SANA'A- Oct. 8- A number of Yemeni detainees in Guantanamo Bay including Abdussalam al-Hilah and another 30 detainees with different nationalities are continuing their hunger strike from last december.

The 26 September Newspaper said that half of the hunger strikers suffer from bad health and now they are fed through pipes, and the U.S. Administration summoned a number of civil physicians to treat the strikers.

The sources added that Abdussalam al-Hilah, one of the Yemeni detainees has become very thin after he took part along with another 200 detainees in a hunger strike in protest against their mistreatment and their detention without legal justification.

Sources close to Abdussalam revealed that the U.S. authorities attempted more than once to attract al-Hilah to cooperate and work with them in Yemen under the advocacy of human rights.

Some U.S. attorneys have visited Sana'a recently and met with relatives of Guantanamo detainees. When they returned home, they carried with them letters to the detainees from their relatives.

Al-Hilah's family confirmed that Abdussalam agreed with higher authorities to be responsible for the supervision of deporting some extremists and Arab Afghans from the Yemeni territory.

The U.S. attorneys called for an official letter from the Yemeni Government stating that al-Hilah was working with it, but their request was rejected, said reliable sources.

A high ranking security source disclosed in the middle of last August that there was a dispute between the U.S. and Yemen over the extradition of a number of Yemenis who, counted by fingers, are detained by the U.S. authorities.

The Amnesty International urged the U.S. Administration to withdraw from all its demands forwarded to the Yemeni Government and other government concerning the continuity of detaining any person.

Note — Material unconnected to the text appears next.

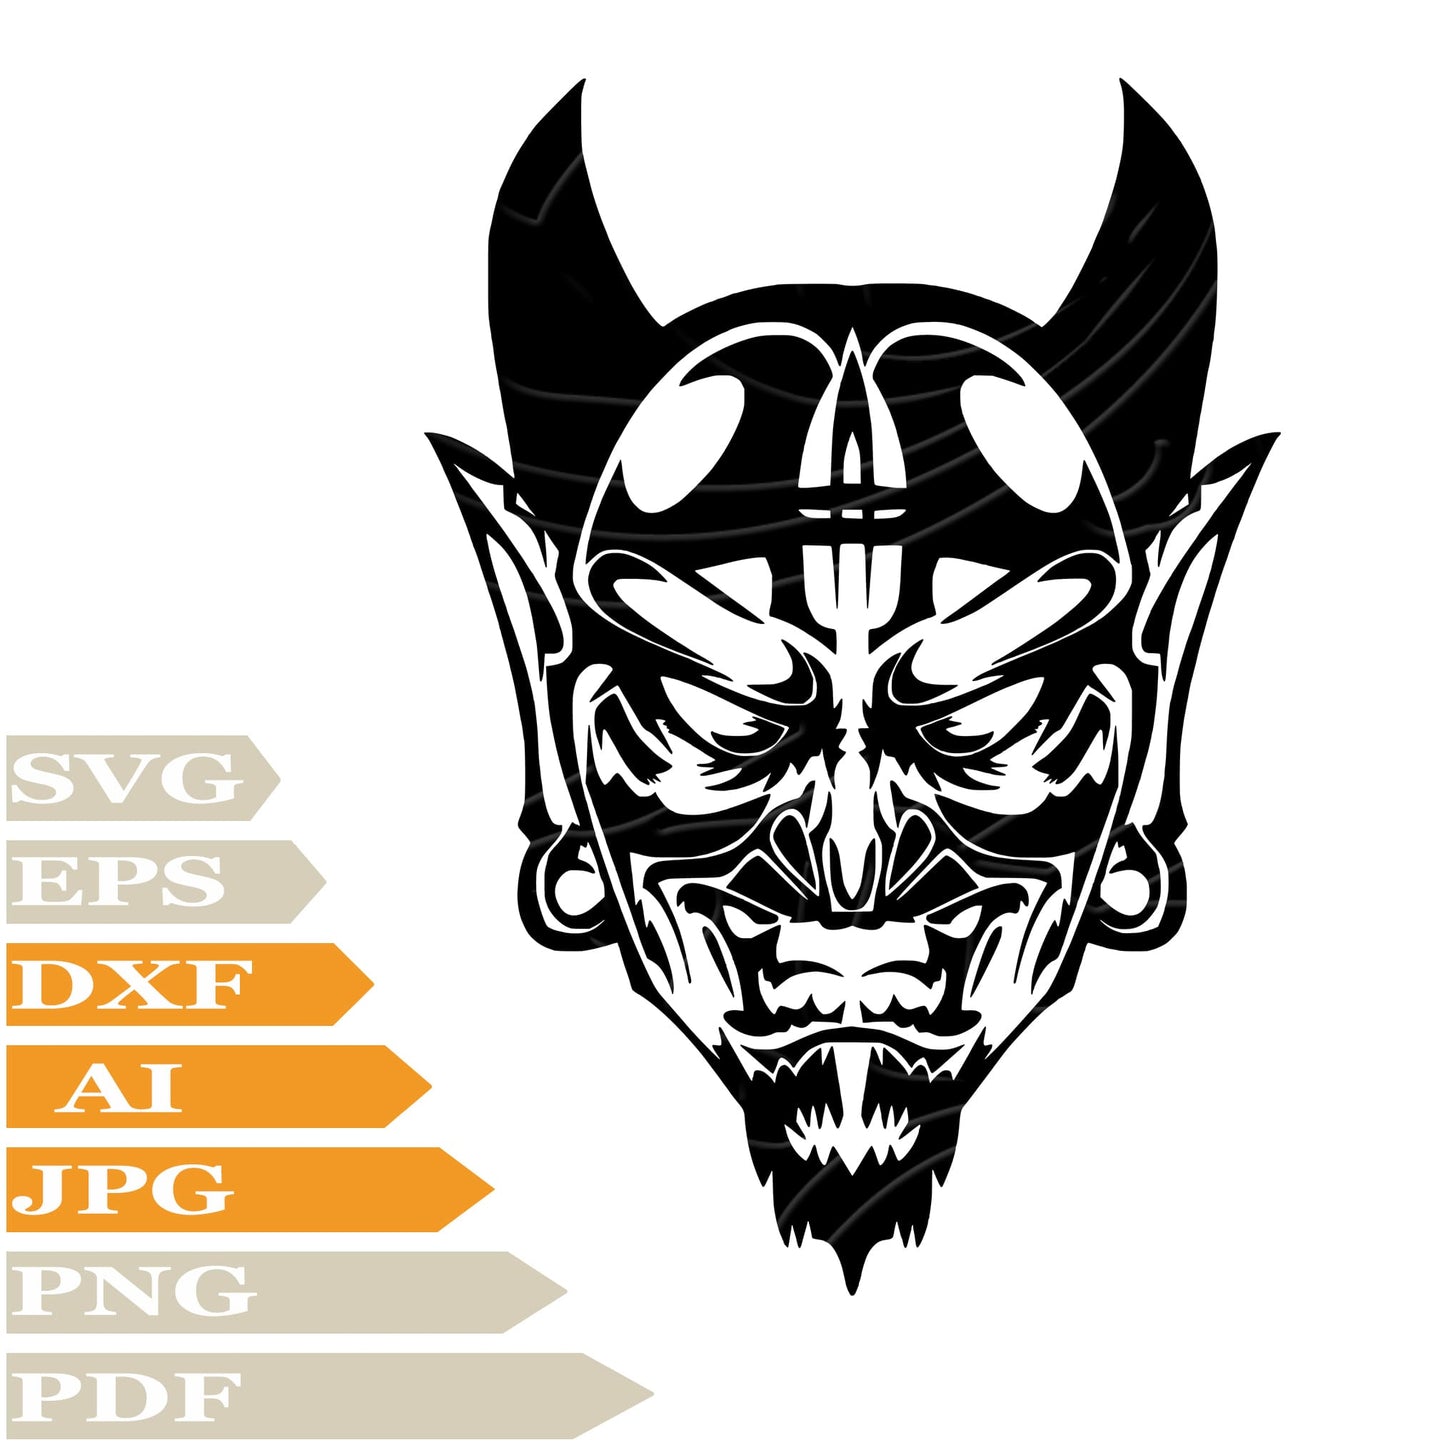 Devil ﻿SVG, Monster SVG Design, Angry Devil Personalised SVG, Devil PNG, Devil Vector Graphics, Devil For Cricut, Digital Instant Download, Clip Art, Cut File, For Shirts, Silhouette

The Amnesty International accused Yemen and the U.S. of maltreating three Yemeni nationals who have been transferred recently from Guantanamo Bay in Cuba to Yemen, and under security preservations, they victims are landed in prisons in Sana'a, Aden, Taiz and al-Mahrah.

Several detainees including Walid al-Qadasi Mohamed Faraj Ba Shumaila, Salah Salim, Mohamed Salim al-Asad were handed over to Yemen over the last few months.

This year, a Yemeni committee made up of security leaders paid two visits to Guantanamo Bay for verifying identities of Yemeni detainees.

During its last visit, the committee got acquainted with 86 Yemeni nationals out of 110 people on the U.S. list of terrorists, however the committee found that four of them have no Yemeni citizenship.